Ia melibatkan berbagai kalangan, yang awalnya dimotori oleh kaum muda, yang mungkin didalam pikiran Ahok mudah diajak berkompromi, mempunyai ide-ide segar dan agak militan agar aktif membantu dalam proses pencalonan dirinya. Namanya anak muda, pasti banyak ide segar yang kreatif, membuat gerakan Teman Ahok ini menjadi popular dikhalayak ramai. Awalnya teman Ahok ini hanyalah ular kecil, ular mainan barangkali (bila para elit parpol melihatnya) namun lama-kelamaan menjadi naga yang mengibaskan ekornya kemana-mana.

Dengan berbagai variasi “jualan”, seperti mengadakan konser, menjual merchandise dan kegiatan lainnya membuat KTP yang terkumpul yang awalnya hanya ribuan, menjadi puluhan ribu, dan terus menjadi ratusan ribu hingga menjadi satu juta.
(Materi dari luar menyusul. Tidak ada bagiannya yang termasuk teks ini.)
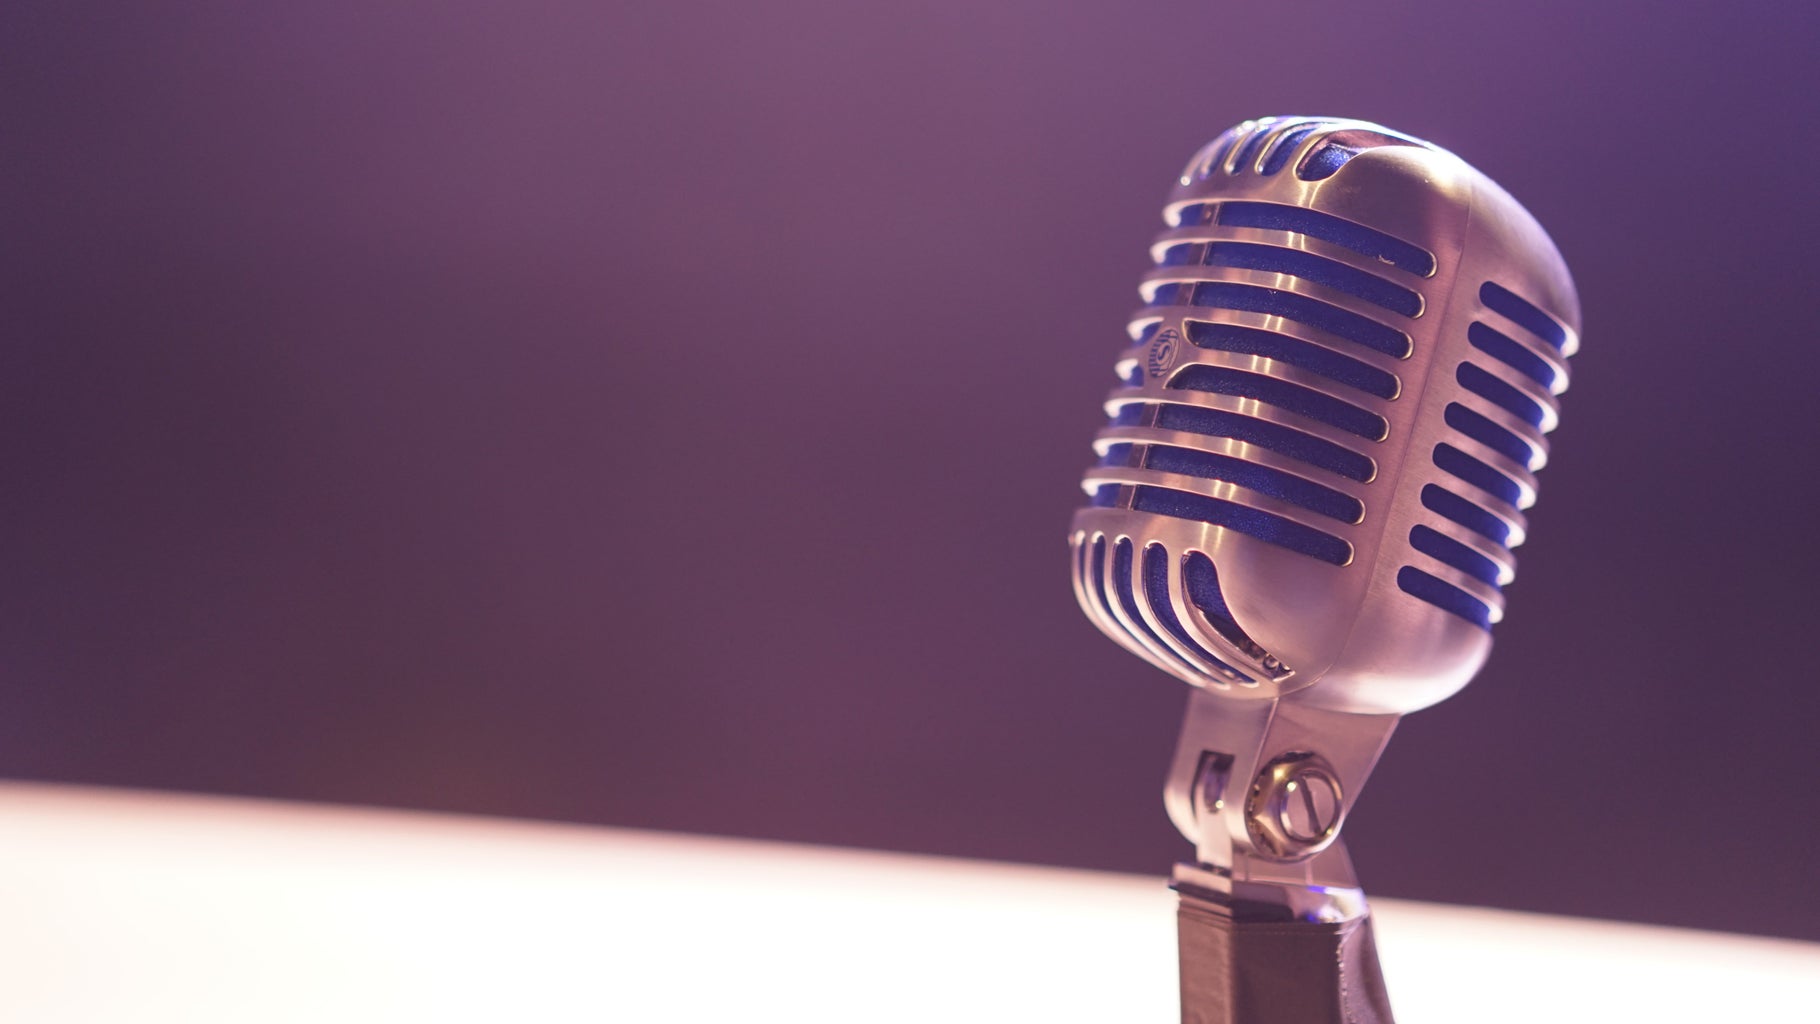 old fashioned crome microphone in front of a purple background
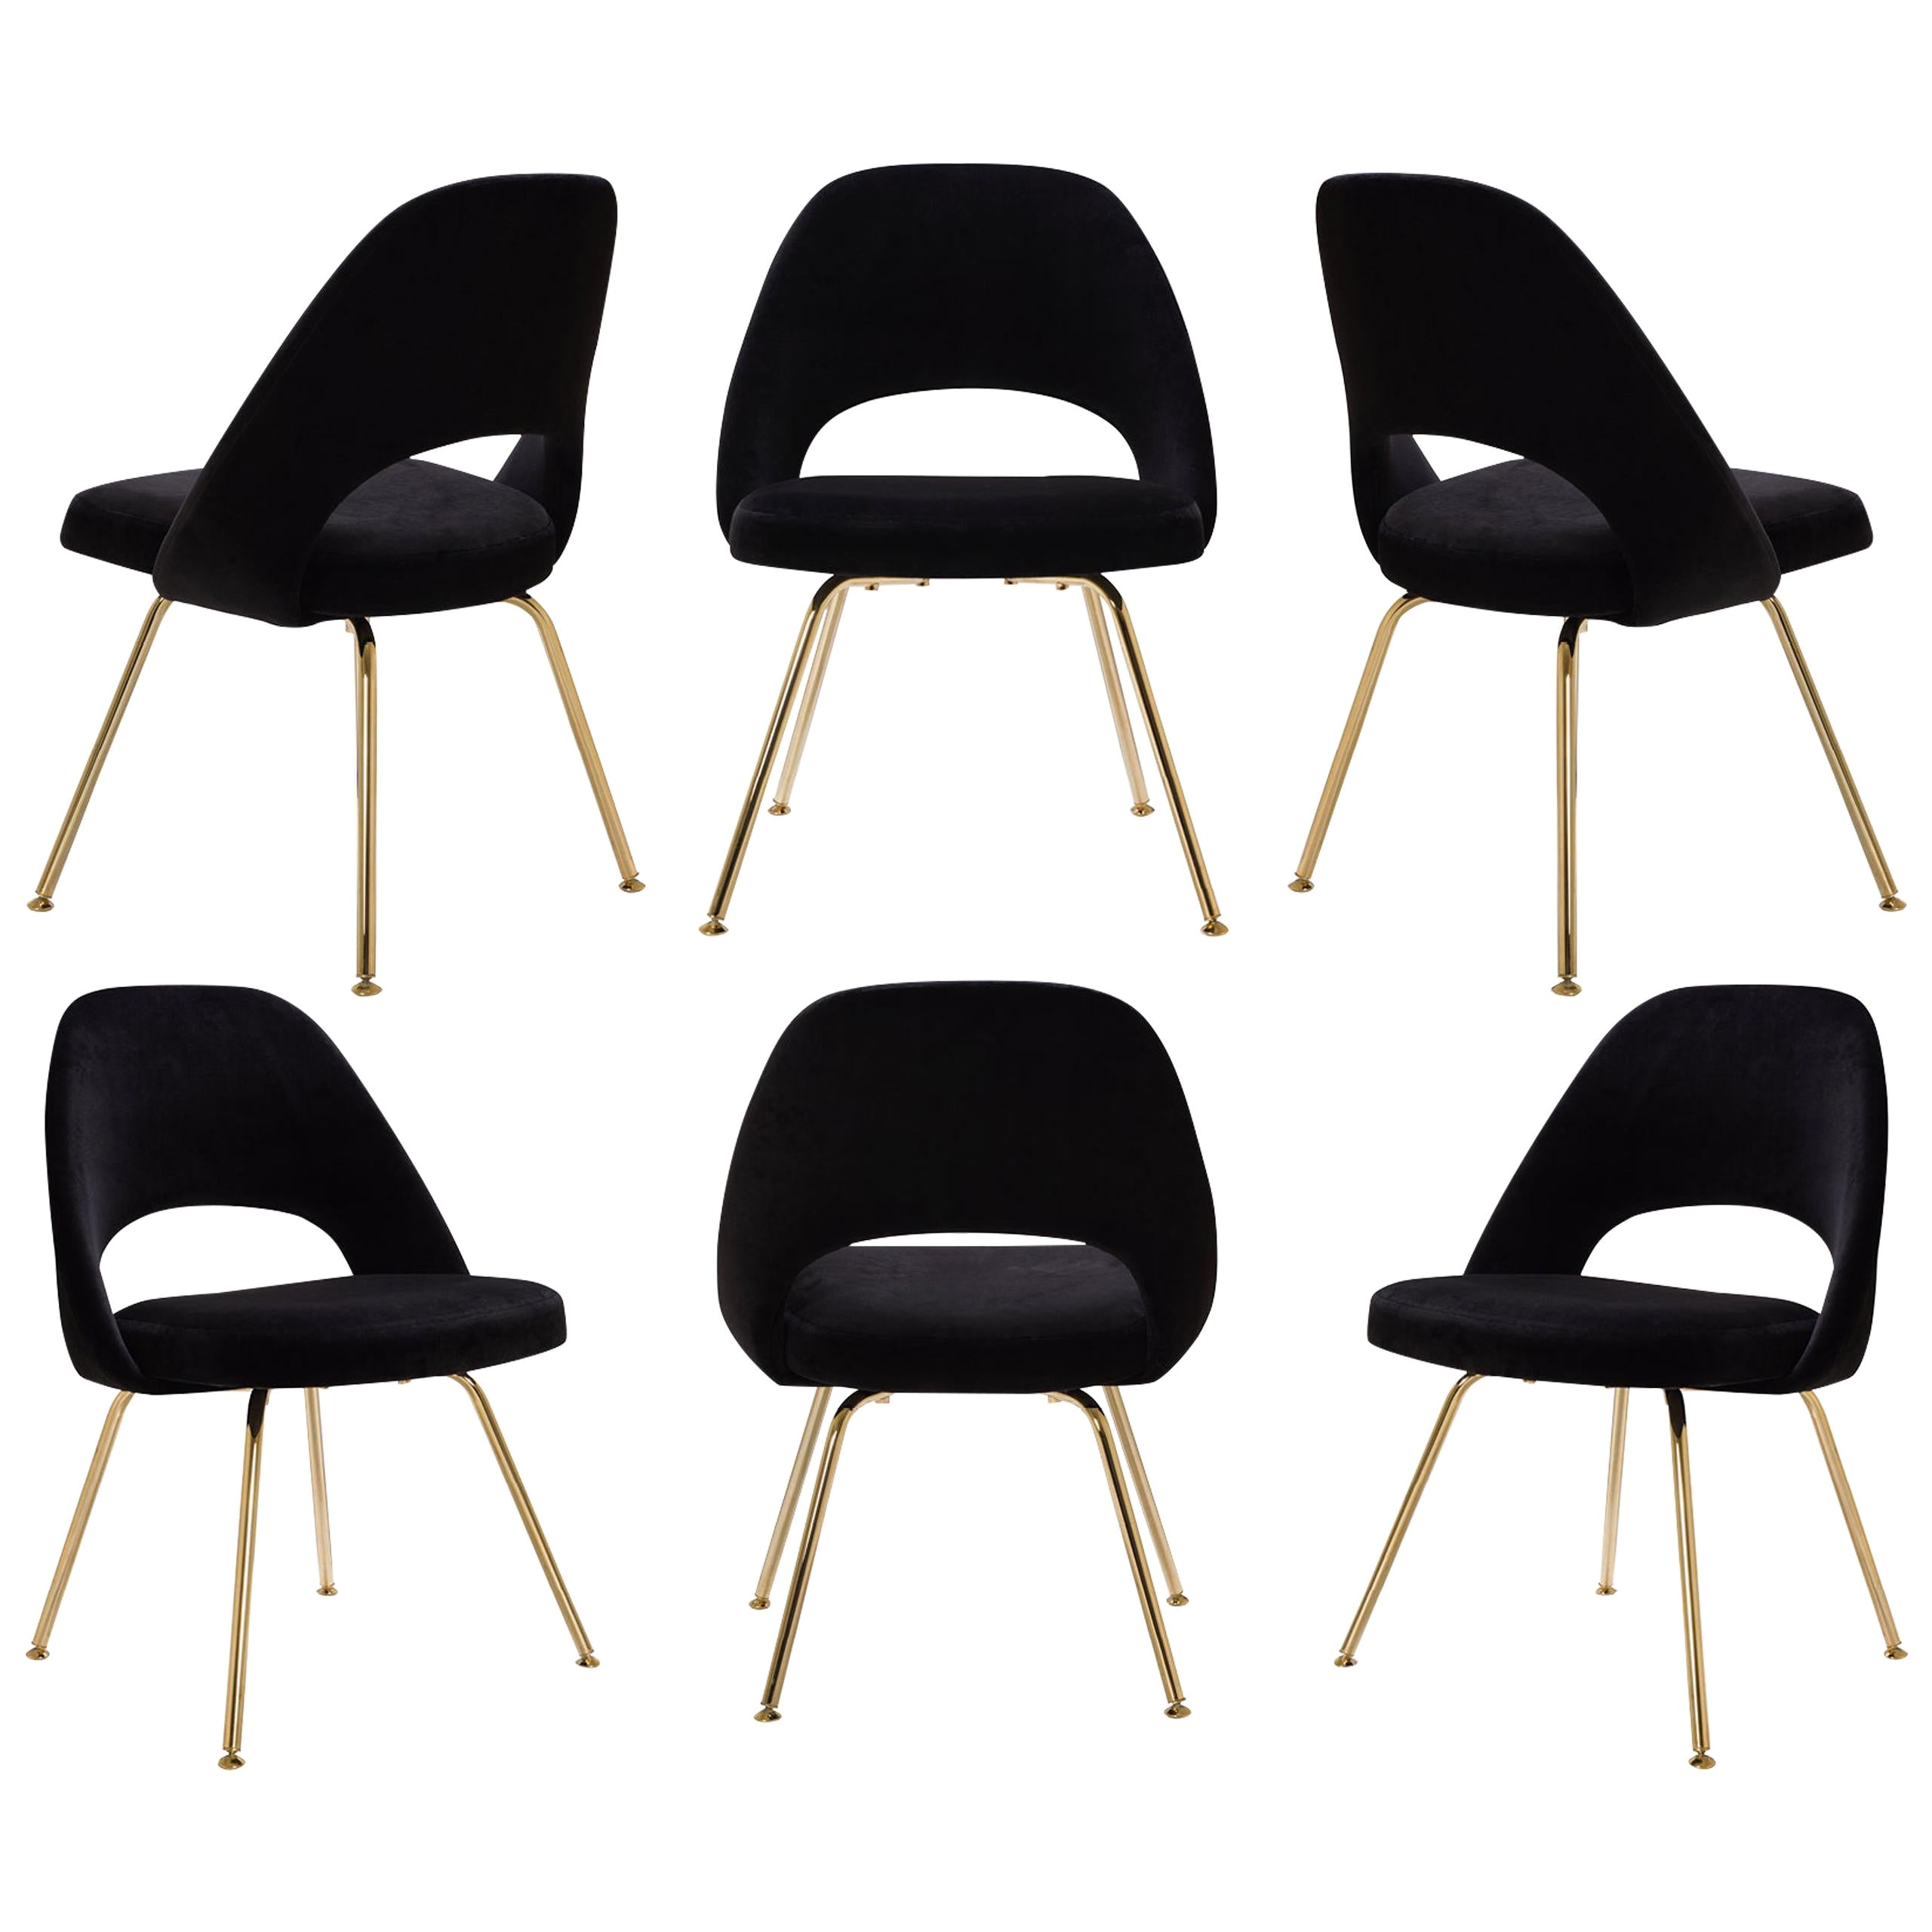 Saarinen Executive Armless Chairs in Noir Velvet, Gold Edition, Set of 6 For Sale

Maka berhasillah gerakan yang dinamakan gerakan satu juta KTP untuk ahok, kemudian berhasil juga mengumpulkan banyak uang untuk dana kampanye, ahok juga agak bisa jemawa, ia berhasil menunjukkan kekuatannya sekali lagi sebagai figur DKI. Didalam dialog imajiner ahok berkata kepada para elit parpol dengan gayanya “iniloh gue, gue punya sejuta lu punya berapa?” lalu elit partai berkata “ damai sajalah hok…”.

Ditahun ini jalan ahok tidak semulus yang dibayangkan, bila dibandingkan tahun lalu ahok menghadapi “stage” berikutnya, menghadapi lawan-lawan yang lebih matang, yang levelnya jauh lebih tinggi.Misalnya kasus RS sumber waras yang cukup menyita perhatian. Adanya perbedaan hasil audit BPK dengan KPK yang membuat situasi politik semakin memanas.BPK lembaga yang lebih tua dan lebih kuat didalam konstitusi melakukan audit yang bisa dikatakan sampai kepada kesimpulan bahwa pembelian lahan pada rumah sakit tersebut, nilainya sangat fantastis dan tidak wajar. Bertolak belakang dengan KPK, lembaga ini mengatakan bahwa pembelian lahan tersebut adalah wajar dan tidak ada berbau penyelewengan yang dilakukan. Kasus ini menyebabkan perdebatan sengit, yang oleh karena melibatkan dua institusi besar, maka pembahasannya hingga ke DPR, perdebatan antara BPK dan KPK , antara “tidak wajar” dan “wajar”. Ini menjadi catatan kita kembali betapa ahok memang membutuhkan kekuatan politik ekstra, ia tidak bisa begitu saja menyepelekan kursi parlemen.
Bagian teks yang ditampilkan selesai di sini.